Despite the constant fear and our general incompetence, there was a strange sense of camaraderie in our shared suffering. We laughed at our ridiculous deaths, we yelled warnings at each other (usually a split second too late), and we bonded over the shared trauma of our childhood nightmares resurfacing in glorious low-resolution.
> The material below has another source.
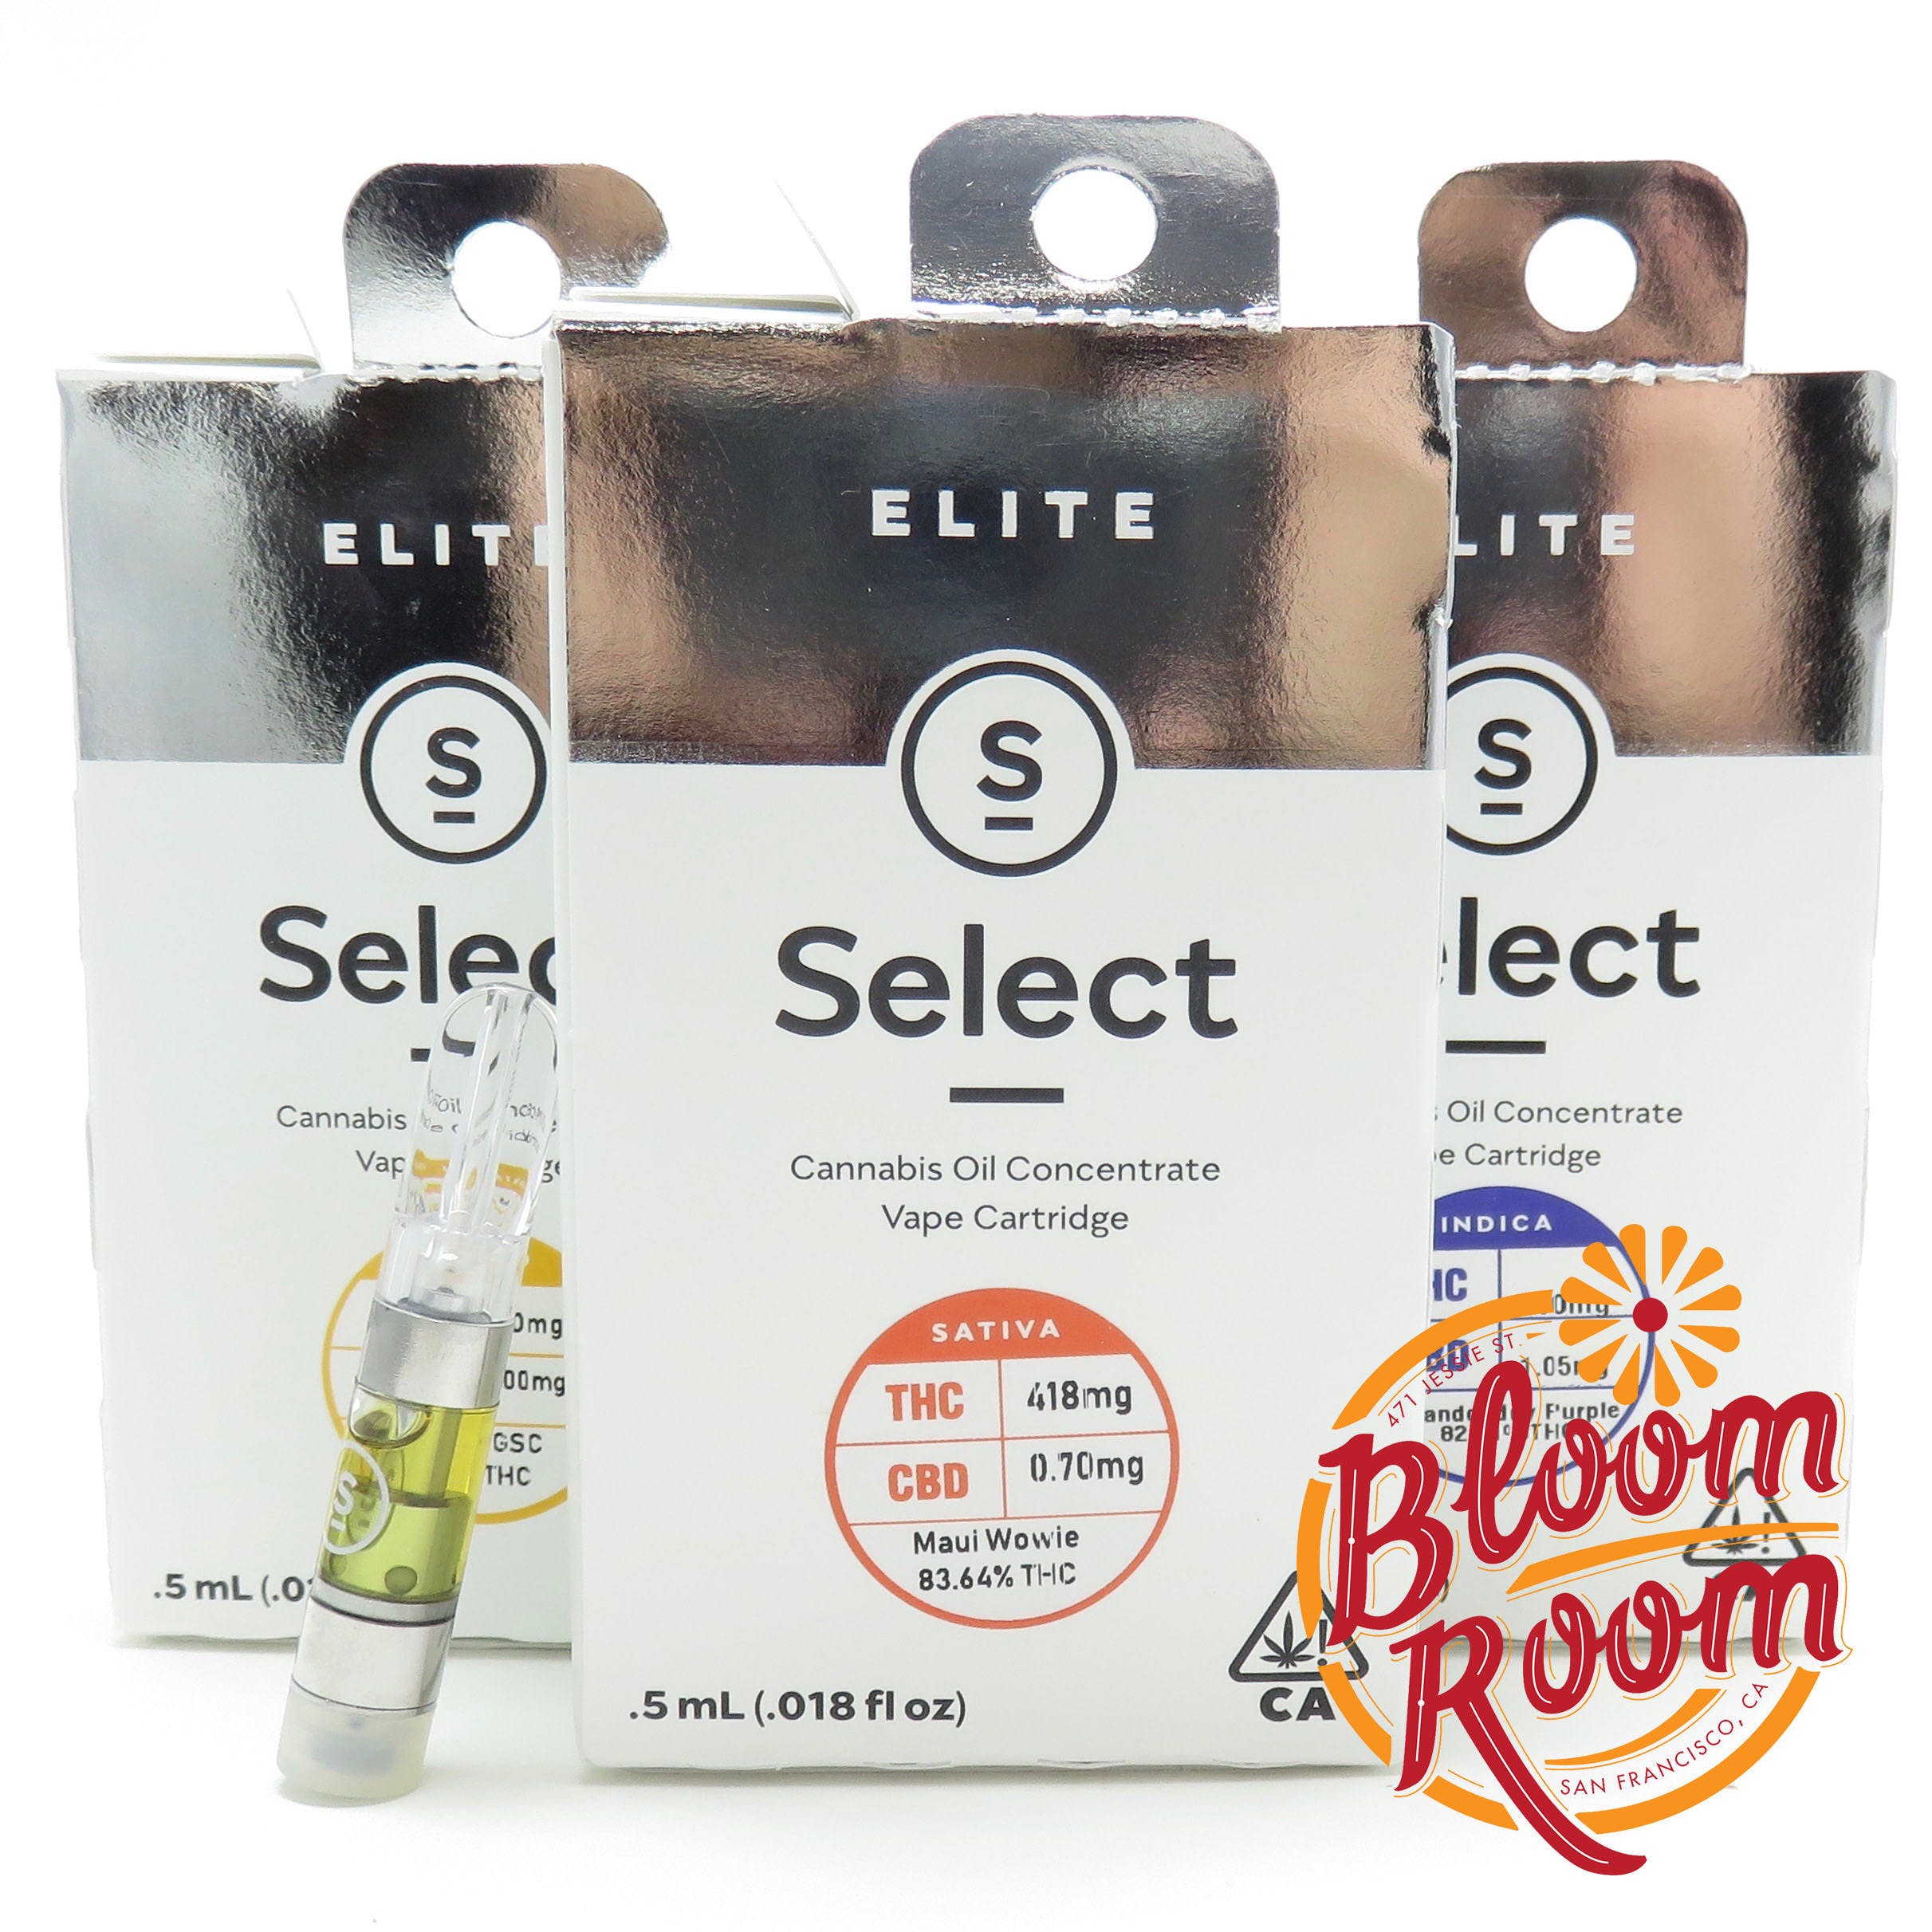 Select - Elite Cart - Durban Poison

So, what did I learn tonight? Firstly, tank controls are an archaic form of torture disguised as a game mechanic. Secondly, Nemesis is still just as terrifying as he was 20-something years ago. And thirdly, sometimes the best way to confront your childhood fears is to revisit them with your best friend, a bag of questionable cheese snacks, and a healthy dose of dark humor.
Now, if you'll excuse me, I think I hear a distant "STARS…" echoing in my ears. Maybe it's just the wind. Or maybe it's the lingering psychological damage. Sweet dreams, everyone!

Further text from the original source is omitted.